When the 166/167 array variants were tested together as heterodimeric TALENs the impact of the NK RVDs was diminished (Fig. 4B, G-containing targets). For example, when the 166 array variants were tested with a fully NN-containing 167 array, no difference in TALEN activity was observed. Further, the 167-N variant, which showed 5-fold reduction in activity when tested as a homodimer, showed only a modest decrease in activity when tested with the fully NN-containing 166 array. This suggests that NK substitutions that decrease TALEN activity can be ameliorated by pairing with a functional TALEN partner.
NK substitutions were made in repeat arrays for a second pair of TALENs (272/273) (Fig. 4B), and the same general observations were made with respect to the impact of the substitutions on TALEN activity. When both the 272/273 TALEN pairs contained all NK RVDs to specify G, little or no activity was observed. Activity was also compromised when a fully NN-containing TALEN 273 was paired with a TALEN 272 variant with three NK substitutions at the N-terminus. In contrast, four NK substitutions at the C-terminus of a 273 variant had no effect on activity when this TALEN was paired with a fully NN-containing TALEN 272. It appears that the number of NK substitutions also impacts activity, as a single NK substitution at the N-terminus of TALEN 273 did not affect activity when paired with the NN-containing 272 TALEN. We conclude, therefore, that NK substitutions are more likely to compromise TALEN activity when located at the N-terminus of the protein and that the loss of activity is amplified when there are multiple NK substitutions.

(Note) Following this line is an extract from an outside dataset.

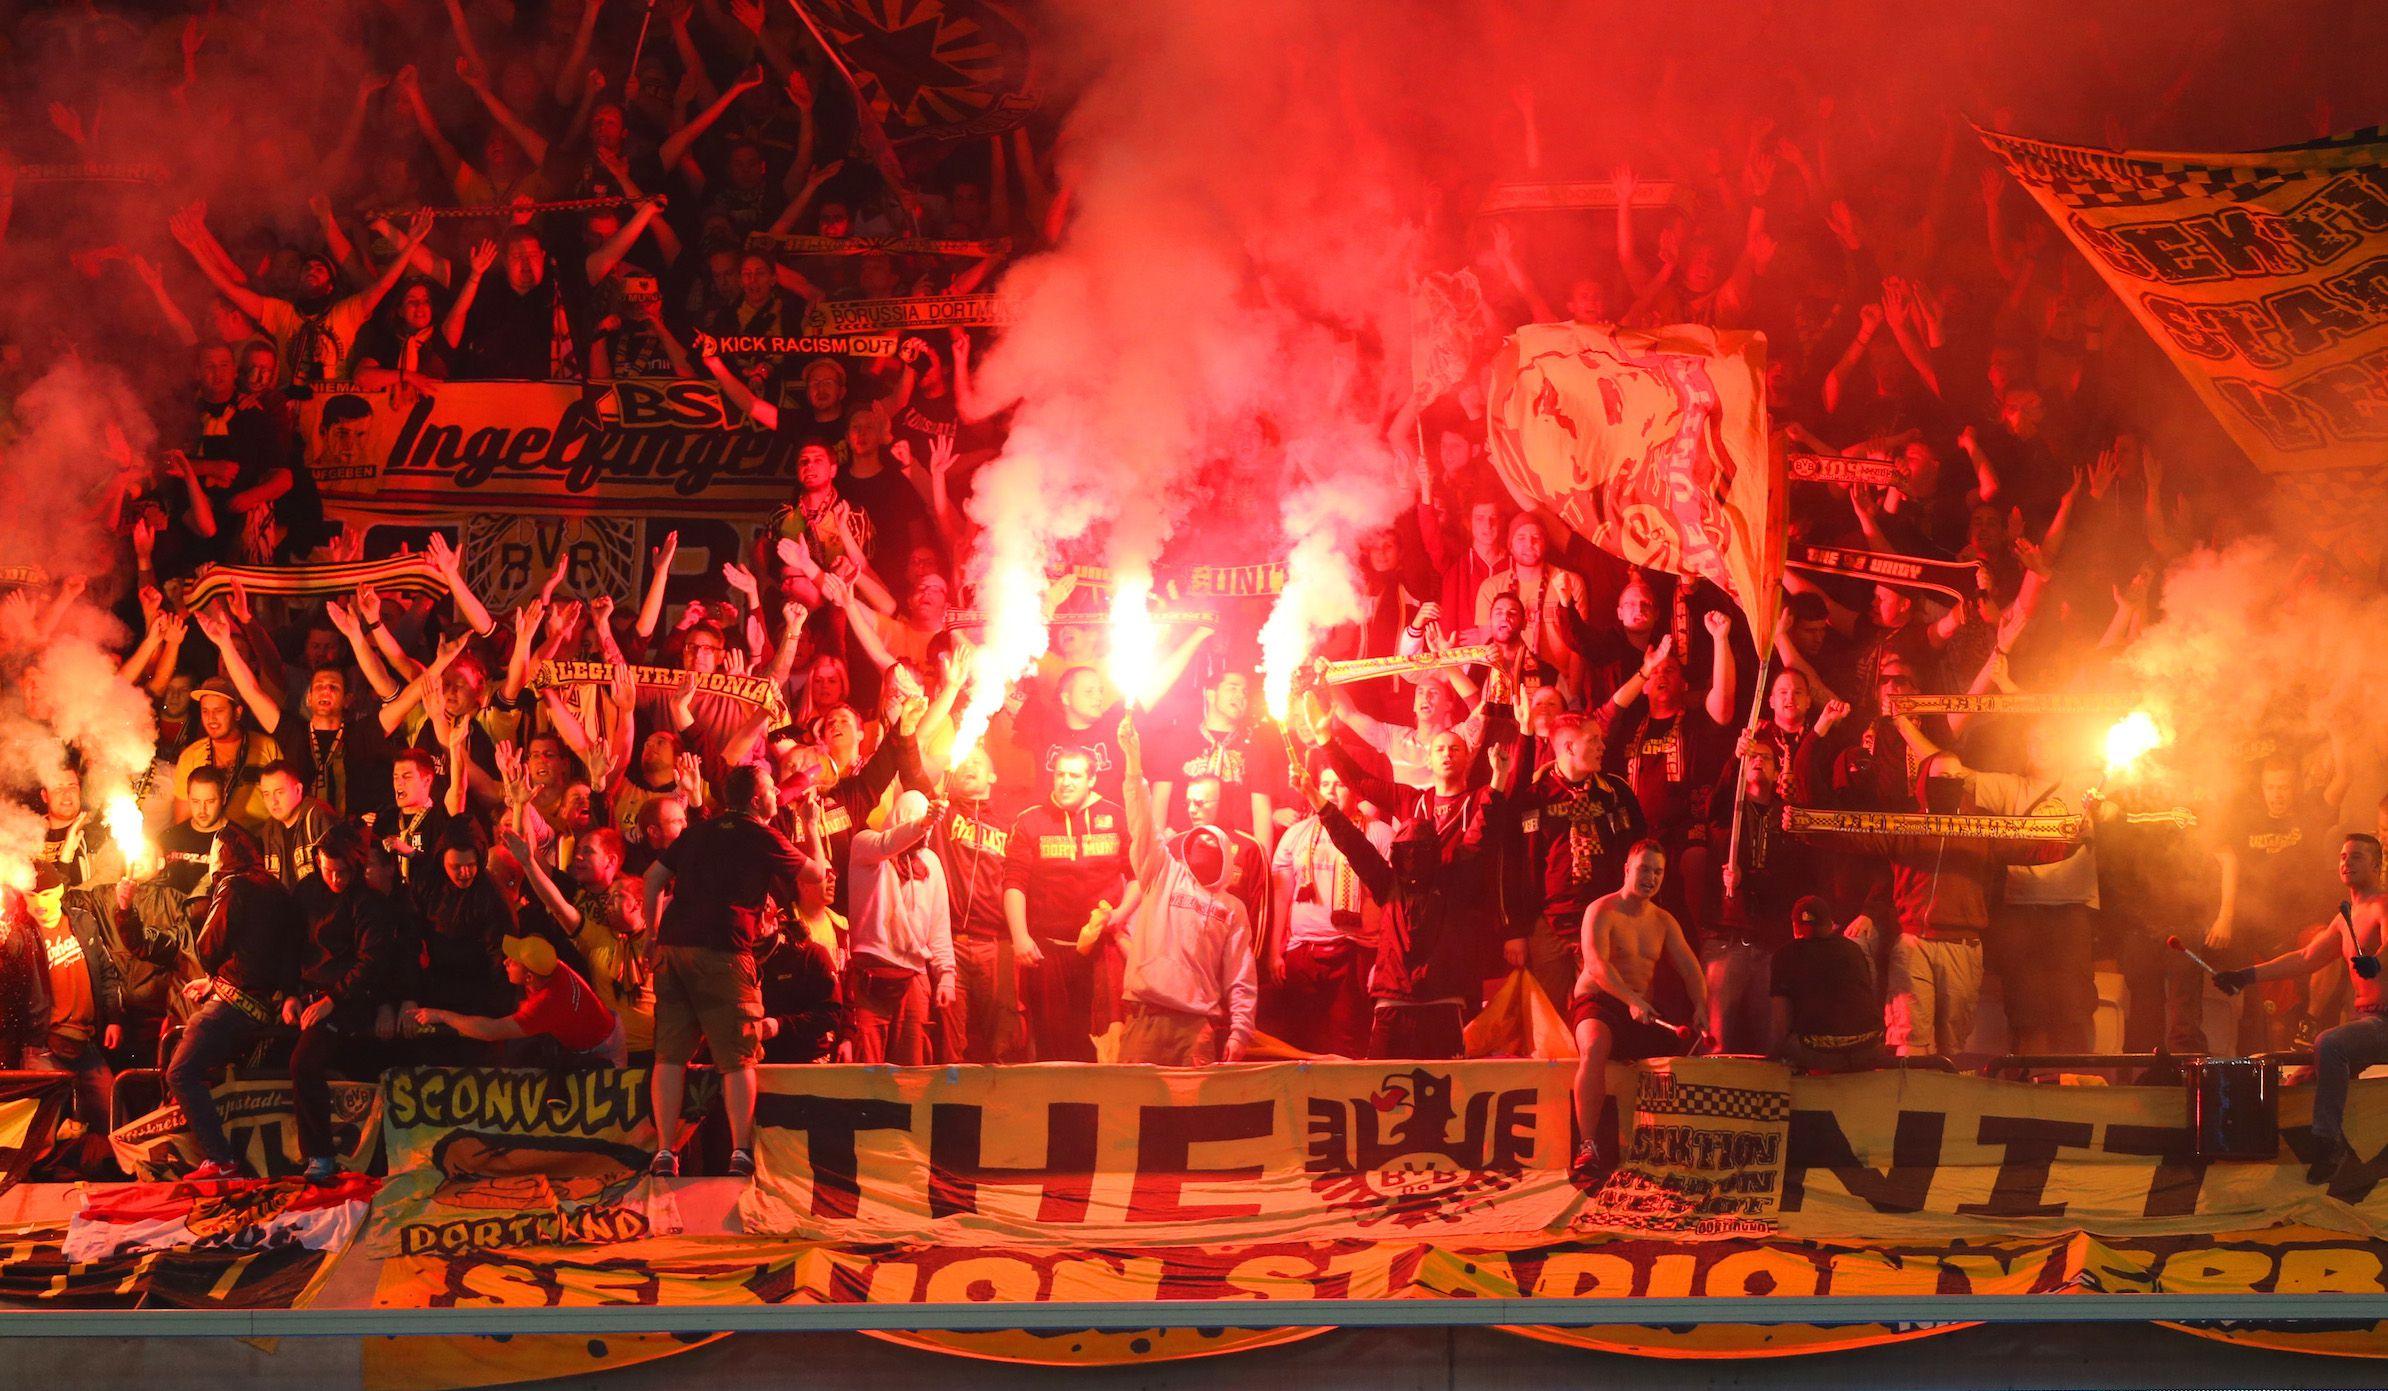 Borussia Dortmund's fans shout during a Champions League garoup D soccer match against Anderlecht at Constant Vanden Stock stadium in Brussels October 1, 2014. REUTERS/Francois Lenoir (BELGIUM - Tags: SPORT SOCCER) - RTR48KAU

Testing TALENs on G- and A-containing targets
A previous report showed a specificity of NK RVDs for G nucleotides over A nucleotides . In contrast, the NN RVD appears to recognize both G and A , , , . We therefore tested several of our TALEN variants against targets in which G's had been replaced with A's (Fig. 4B, Fig. S2). The fully NN-containing 166/167 and 272/273 TALEN pairs showed comparably high levels of activity on both G- and A-containing targets, whereas little or no activity was observed for the fully NK-containing arrays on both targets. All four 166/167 arrays that varied in the number and distribution of NK RVDs showed higher activity on G-containing targets, and the same was observed for 2 of 3 272/273 TALEN pairs. These data suggest that NK has higher specificity for G over A.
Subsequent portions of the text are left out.